Once a person sets up an account with Finery, the startup essentially scrapes the online store accounts connected with that e-mail address for the last decade or so, and mines the purchases from those vendors. That information is then used to create a digital closet on the Finery app, which uses a Pinterest-like display. Casey says Finery has 700 stores and brands on its app—and it can add small boutiques if a few customers mention that they shop there.

“We want your data to be working for you,” Casey adds, “to help you make smarter decisions about what to wear and helping you to shop more strategically.”

Finery will also note and keep track of things like return policies, and send automated alerts when the window is closing. So far, the company says, it has about 100,000 users.

I decided to give Finery a spin, and found that—at least for a customer like me—it won’t be easy to create my virtual closet by mining my e-mail messages. I tend to strive for a clutter-free inbox, so I delete my order messages from Amazon or Zappo’s as soon as the deliveries are made. So my Finery Wardrobe only consists of three items.
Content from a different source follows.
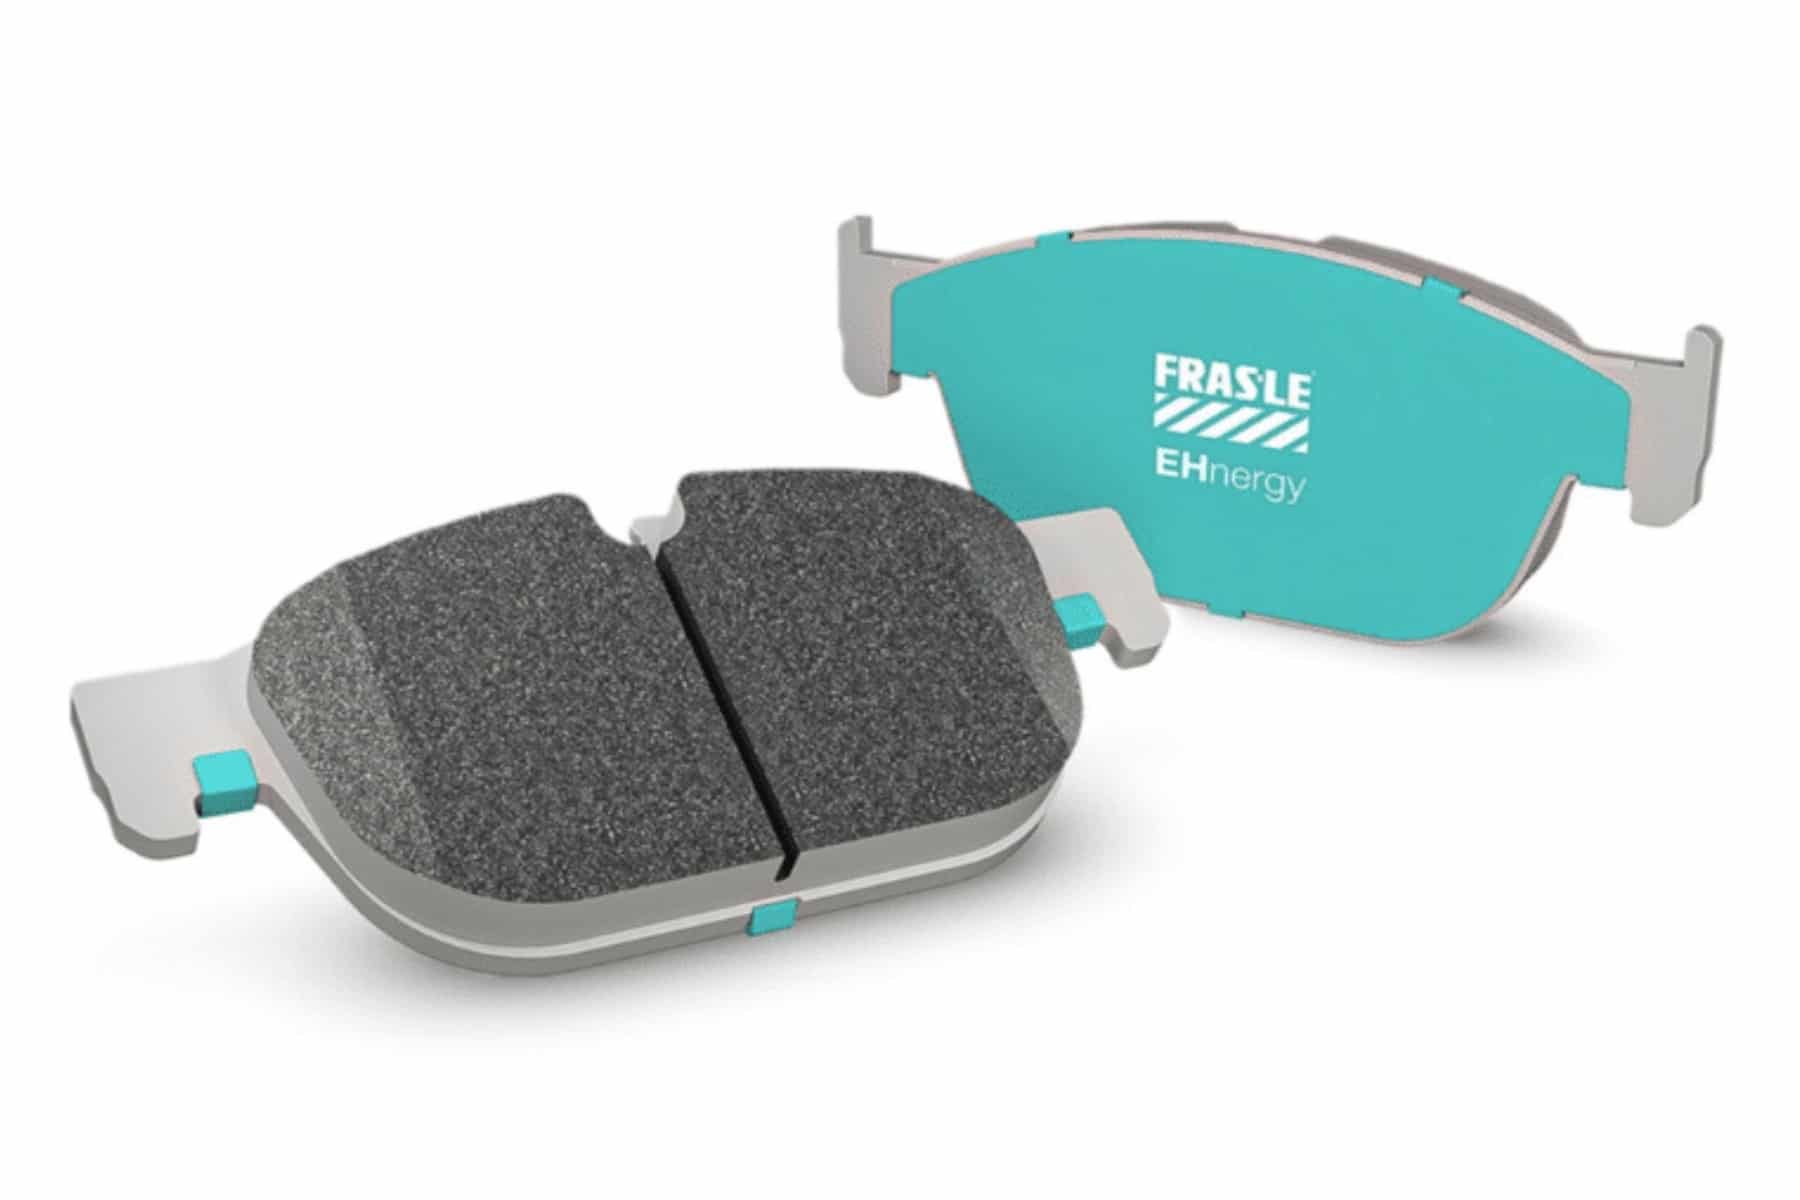 Fras-le will launch a line of Ehnergy brake pads for EVs and hybrids at Automec 2023

Oddly, one of them is a purse I don’t own. Another surprise is that while Finery found a pair of black heels I ordered from Zappo’s last year, it did not locate a second pair of shoes in that same order.

Catherine Clark, Finery’s manager of partnerships and business development, says if you don’t have certain order e-mails any more, you can log onto those retail accounts from the Finery website. For me, that means tracking down my passwords for Nordstrom or Neiman Marcus, something I will have to carve time out for later. That kind of time commitment that might turn off some users.

Last month, Finery announced it had raised $5 million in a seed round led by NEA and investors such as BBG Ventures, Farfetch, and RetailMeNot founder and CEO Cotter Cunningham, among others. The funding will be used to add developers and data scientists. Casey says they are working on a beta to use artificial intelligence tools to make styling recommendations.

(FindMine has raised $1.7 million from XSeed Capital, Kiwi Ventures, RevTech, and XRC Labs, as well as a handful of angel investors, Bacharach says.)

The idea for FindMine first occurred to Bacharach eight years ago, and she explored it at a business plan competition while attending New York University’s Stern School of Business. But it wasn’t until recently when the necessary tech innovations—combined with retailers’ search for more personalized ways to target customers—were in place to provide the kind of service that Bacharach envisioned with that leather skirt. “After a lot of false starts, in August 2015, we found our first retail customer,” she says. “Then the growth has been dramatic.”